What Sushma forgot in racism sermon

Foreign minister Sushma Swaraj's assertion on Wednesday that India does not cry racism while probes are on over attacks on its nationals abroad overlooked the track record of her own Prime Minister - and his predecessor - in concluding a race bias.

Charu Sudan Kasturi Published 07.04.17, 12:00 AM
Sushma Swaraj

New Delhi, April 6: Foreign minister Sushma Swaraj's assertion on Wednesday that India does not cry racism while probes are on over attacks on its nationals abroad overlooked the track record of her own Prime Minister - and his predecessor - in concluding a race bias.

Her comments also papered over a confusion within her own government's approach to crises involving foreign nationals if they were of Indian origin, and overlooked her own recent hint at racism involving an Indian priest in Australia.

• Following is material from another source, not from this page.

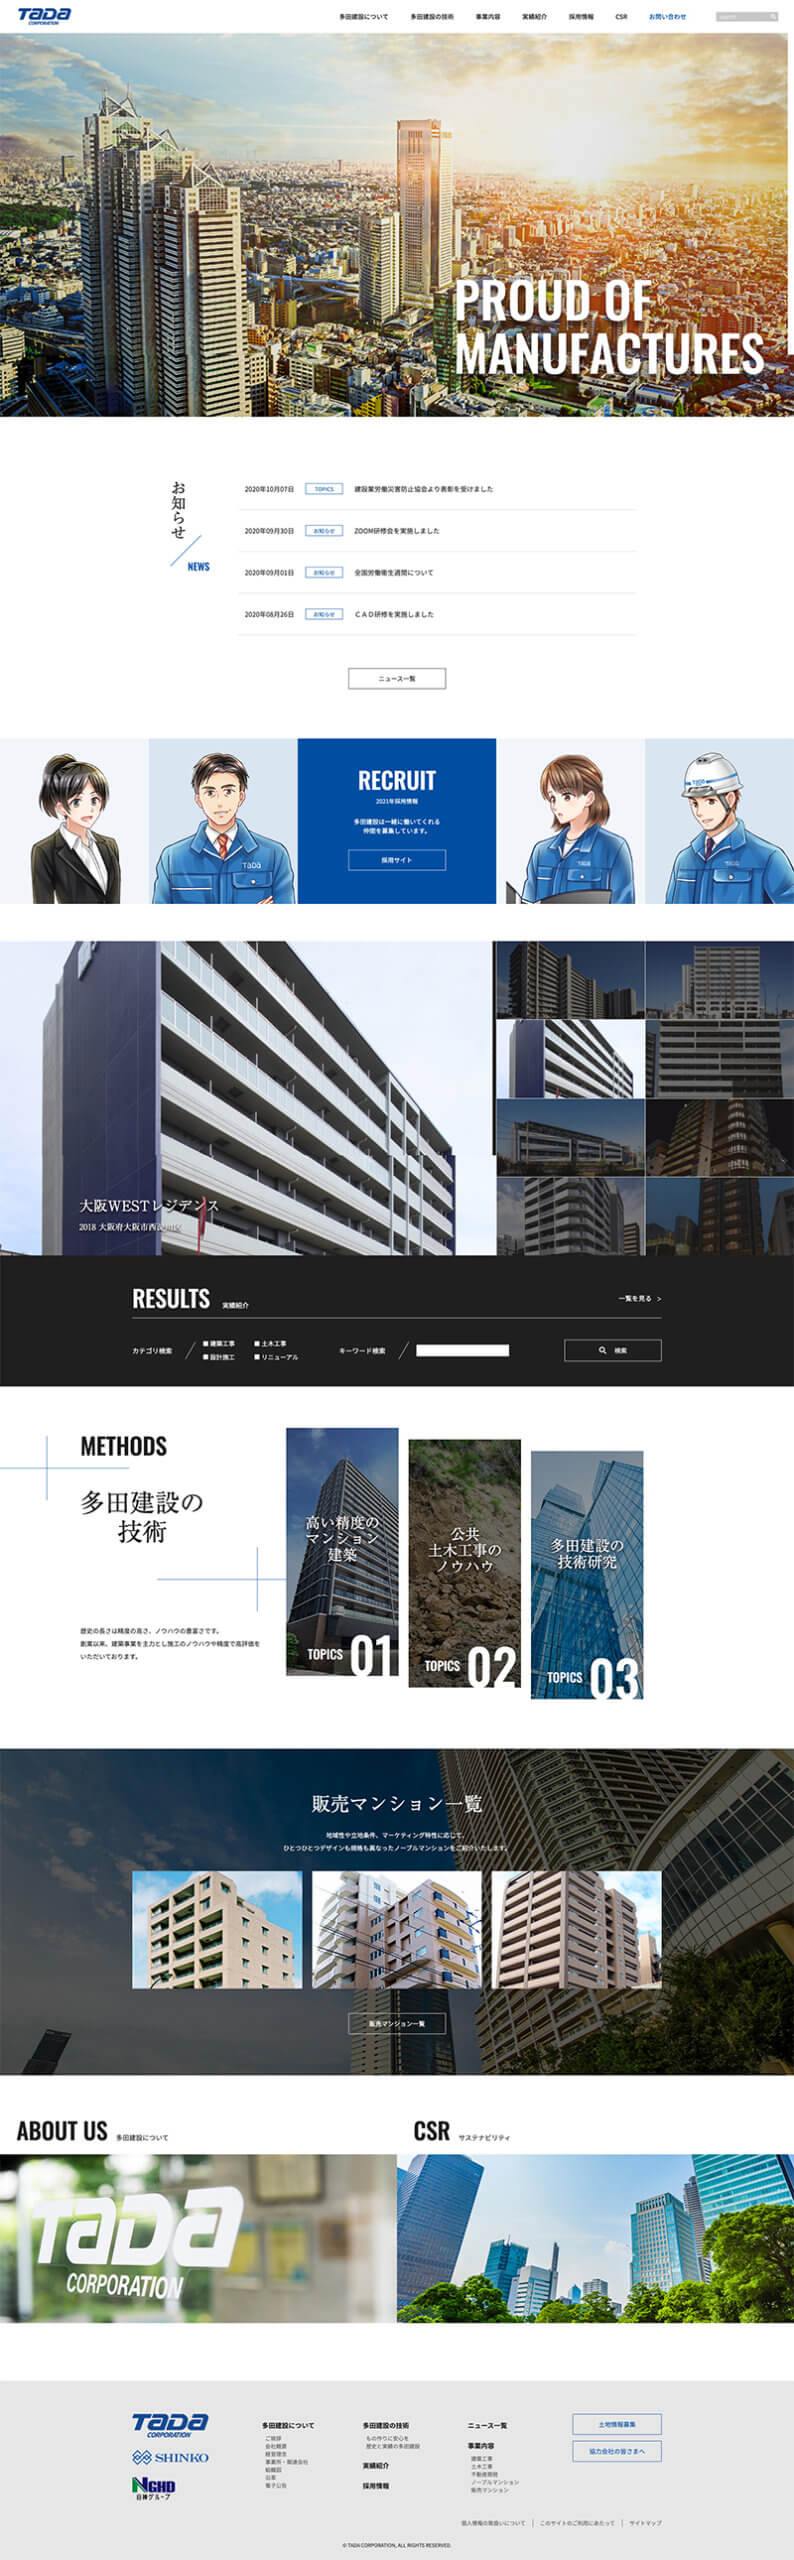 多田建設株式会社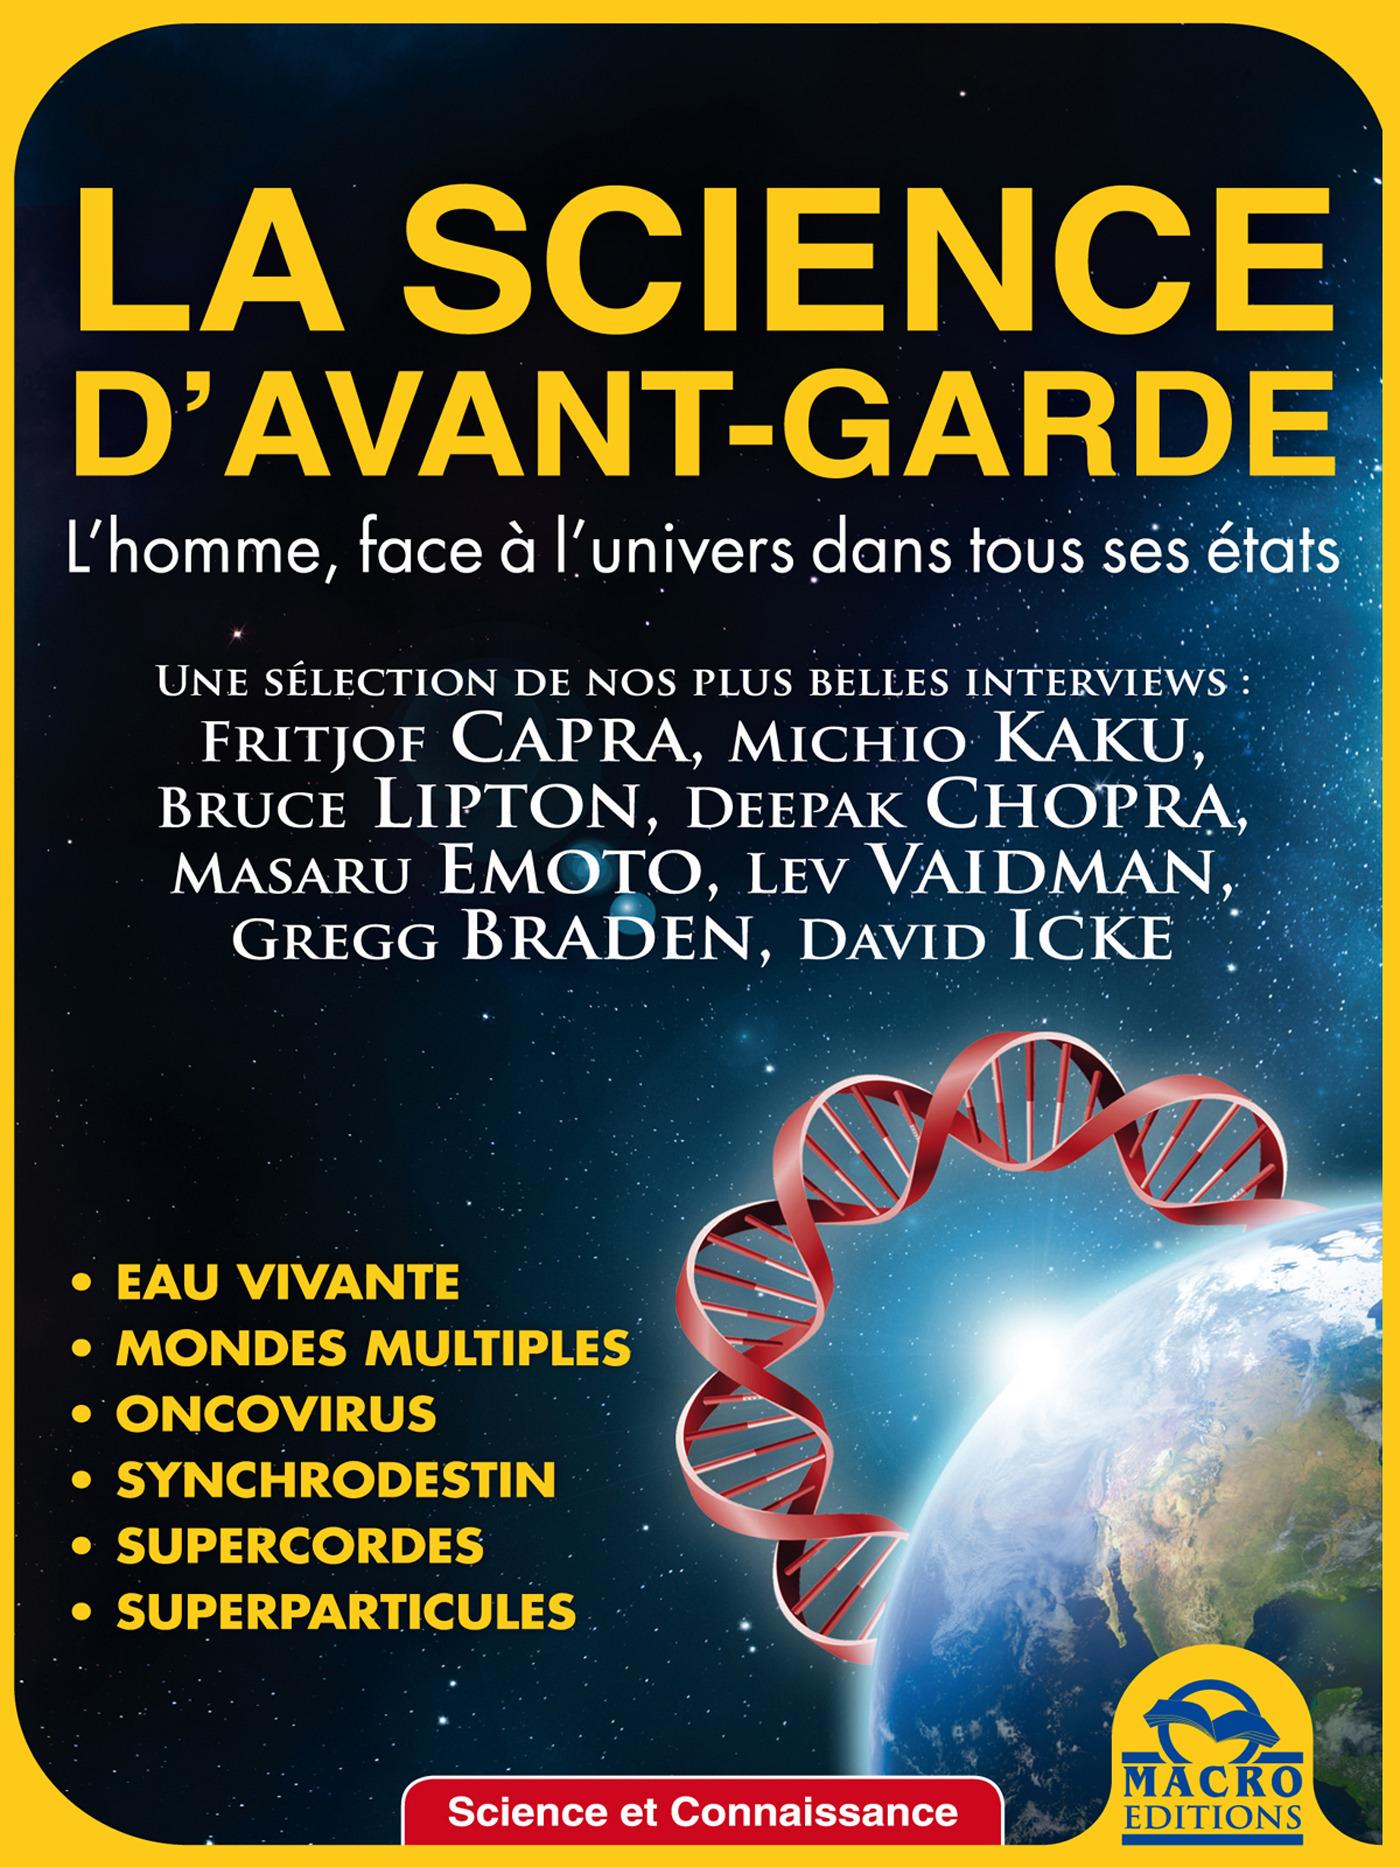 La science d'avant garde (2e édition)

Sushma had criticised African ambassadors to India yesterday in Parliament for publicly calling recent attacks on Nigerian nationals in Greater Noida "xenophobic and racial".

She had argued that India did not jump to similar conclusions when its nationals were attacked abroad, unless a probe had conclusively established racial bias. She cited recent attacks in the US and in the African nation of Mozambique to buttress her point.

"We didn't say that all these attacks were racially motivated," Sushma said, speaking in Hindi. "We say every criminal act is not racist. That's why we are saying, wait for the probe to be completed and its results to be out."

But Prime Minister Narendra Modi, when he was chief minister of Gujarat, had in 2009 made clear to a group of visiting Australian leaders that he viewed attacks on Indian students in that country as racist.

The Australian government and law enforcement agencies were still probing the incidents at that time and had denied a racist link.

"He urged the Australian government to find a permanent solution to the racist attack on the Indian students and to create a favourable atmosphere of trust and safety for them," Modi told the Australian delegation, including the then Australian high commissioner, on July 8, 2009, according to a readout of the meeting still available on his website.

Modi wasn't the only Indian leader at the time to insist the attacks - or at least some of them - were racist.

"I have been appalled by the senseless violence and crime, some of which are racist in nature," then Prime Minister Manmohan Singh had said in Parliament on June 9, 2009 - a month before Modi's comment to the Australian delegation.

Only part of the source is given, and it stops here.